Туша хрястнула по пояснице, что-то порвалось и стрельнуло вдоль позвоночника. Прокопий прохрипел, его повело назад, но мышцы успели сработать, подобраться. Он отступил шажок, наклонился ниже, так, что туша уперлась в затылок, — удержал. Стиснув зубы, напрягся, раскорячился, но устоял: негоже добро в грязи валять.
— Да растуды ж ее в грязюку!.. — визгливо матерился Никита. — Брось ее, брось, не кажилься!..
Упал, видно, одноногий. Обложил бы его Прокопий крепким словом сейчас — с земли бы подняло, к туше приставило, да не мог: дыхание перехватило.
— От паскудство! Деревяга вывернулась! Слышь, бросай, говорю! Всю жизнь хожу…

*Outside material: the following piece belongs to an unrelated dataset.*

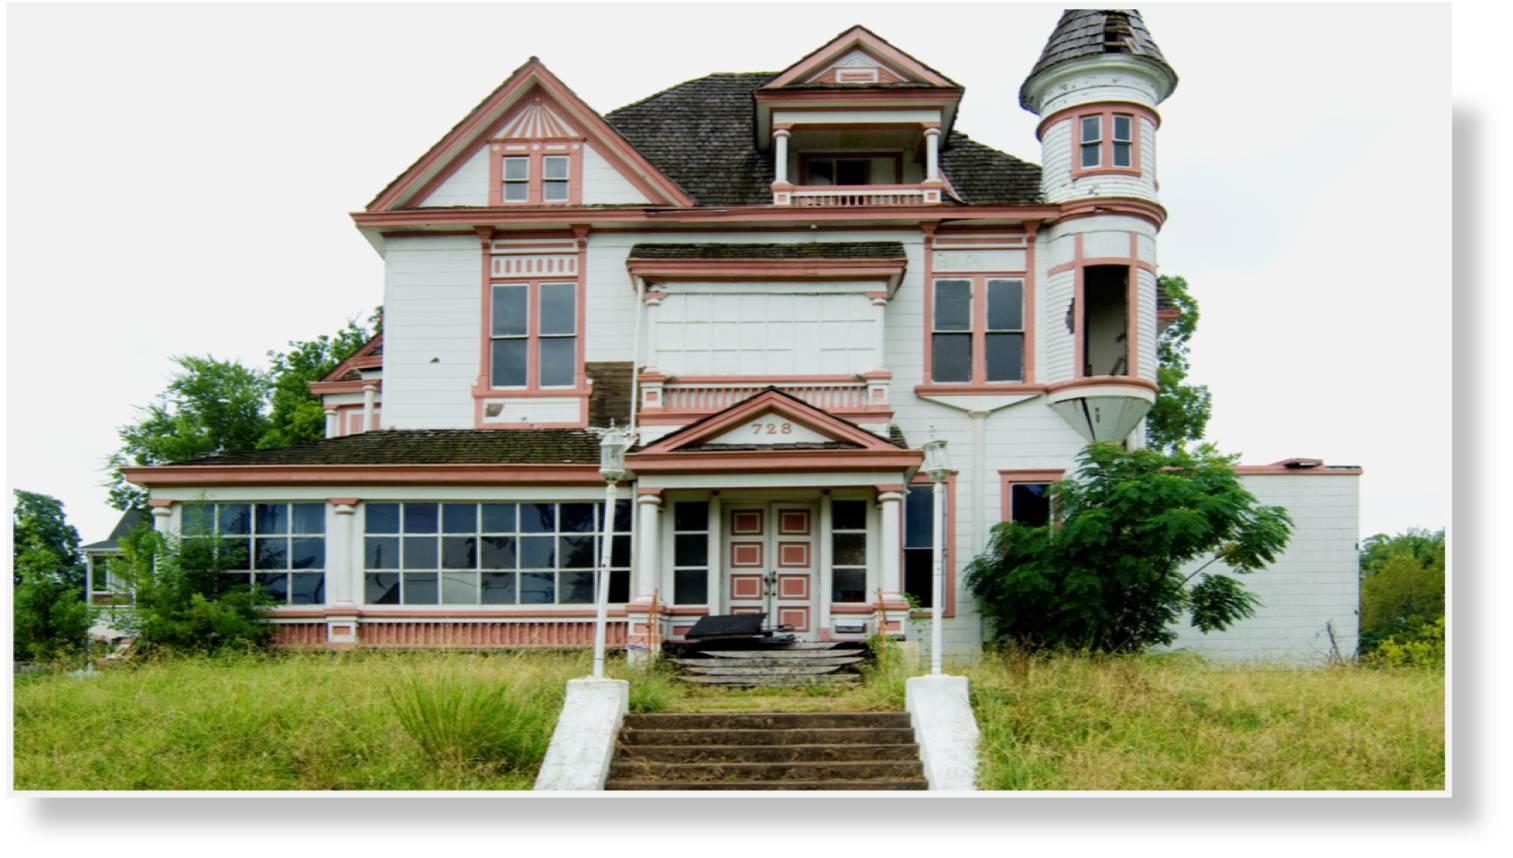 Endangered Louisiana Ogilvie Wiener House 1889

Прокопий все понял. И шагнул вперед. Нога поехала и вперлась в твердый бугорок. Потянул другую. «Чва» — лопнула грязь под сапогом. Пошел. Дышать было трудно, горло перехватило. Старик втягивал воздух носом, распирал им ребра, старался подольше удержать внутри, как бы устраивая из себя воздушный домкрат. Спину стянуло, ноги сделались чужими, в голове стоял какой-то напористый звук. Прокопий упирался подбородком в грудь, свирепел под тяжестью, но нес: нет, добро он в грязь не бросит, грешно. Донесет. Крыльцо уже рядом. Быть не может, чтоб не донес. Бывало, привезет зерно на мельницу, просто так, потехи ради, взвалит куль на себя, сверху посадит девку потолще и, веселя народ, затащит до самого ковша, куда зерно засыпают.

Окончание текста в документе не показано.